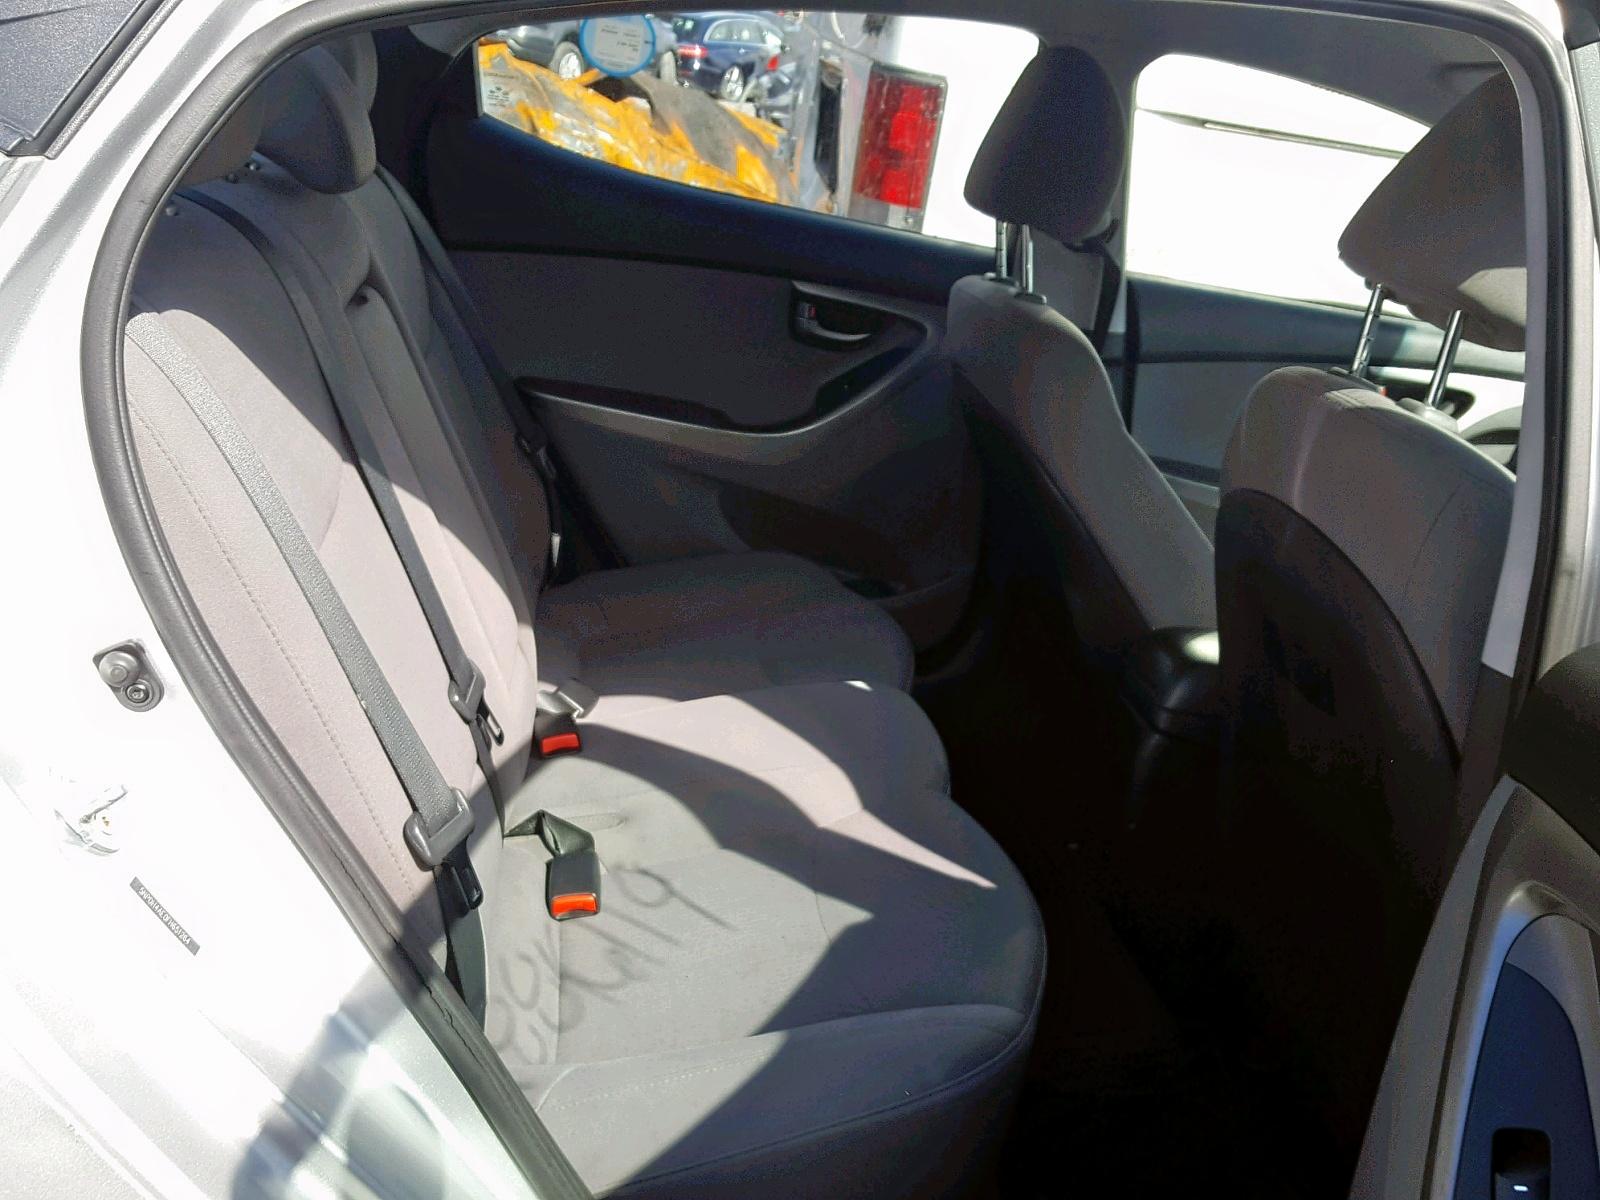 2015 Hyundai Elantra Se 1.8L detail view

---

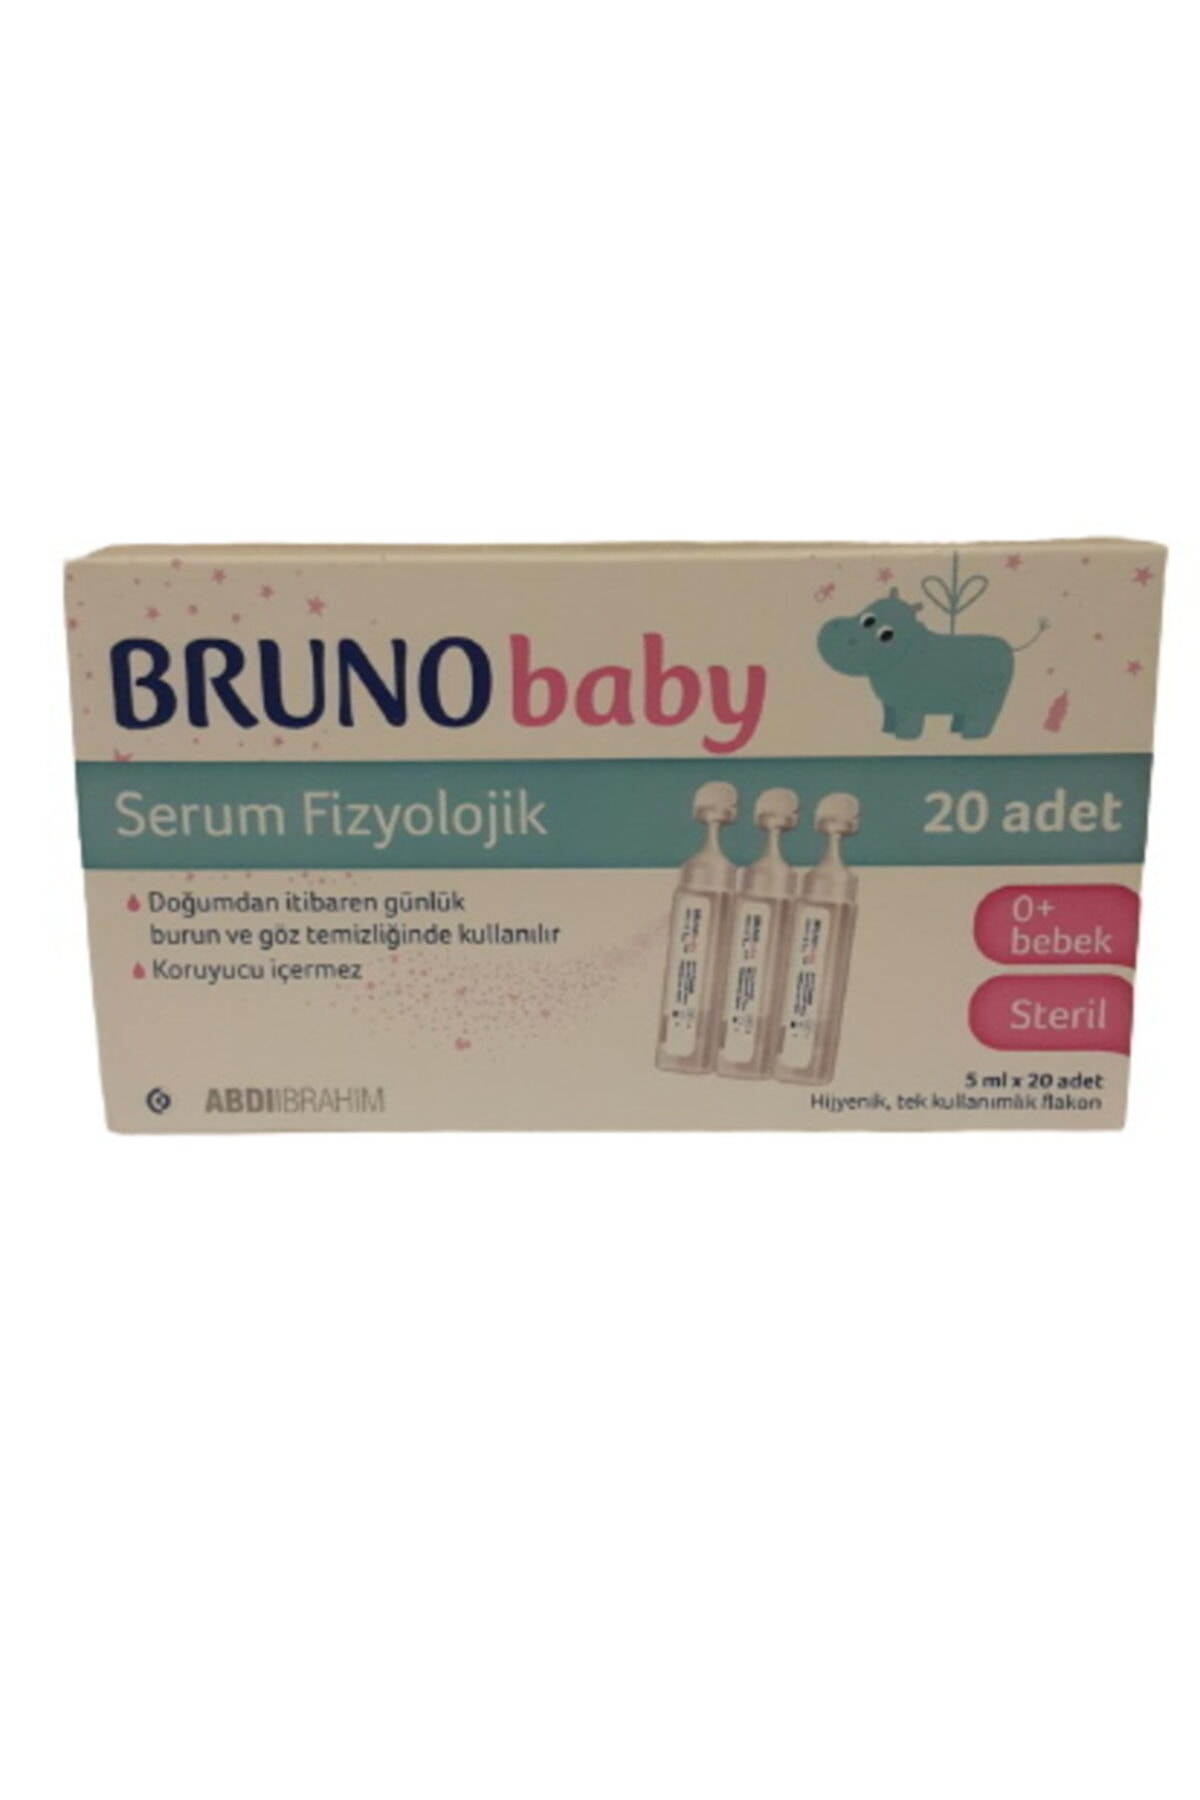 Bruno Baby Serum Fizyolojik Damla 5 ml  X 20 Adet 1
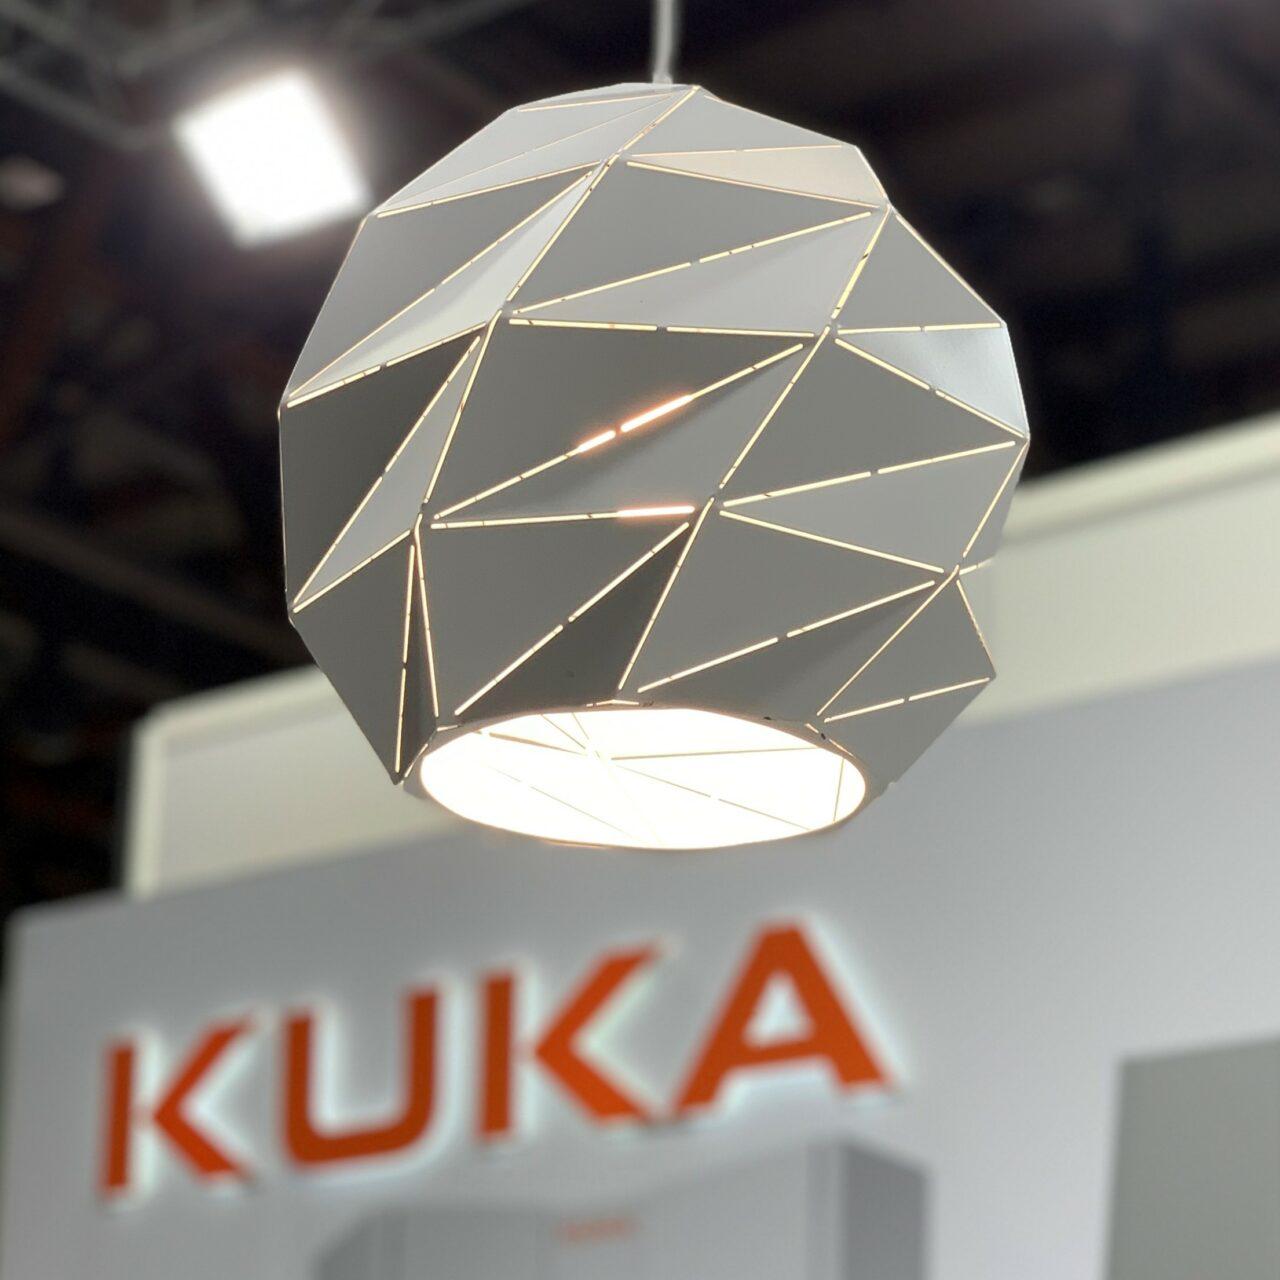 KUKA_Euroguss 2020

* YOUR ASSIGNMENT *
In the entries above, find the line with "Bruno Baby Serum" and the line with "KUKA_Euroguss 2020". Return exactly those lines and all the ones between them, pictures excluded.

* OUTPUT FOR THIS EXERCISE *
 Bruno Baby Serum Fizyolojik Damla 5 ml  X 20 Adet 1
 KUKA_Euroguss 2020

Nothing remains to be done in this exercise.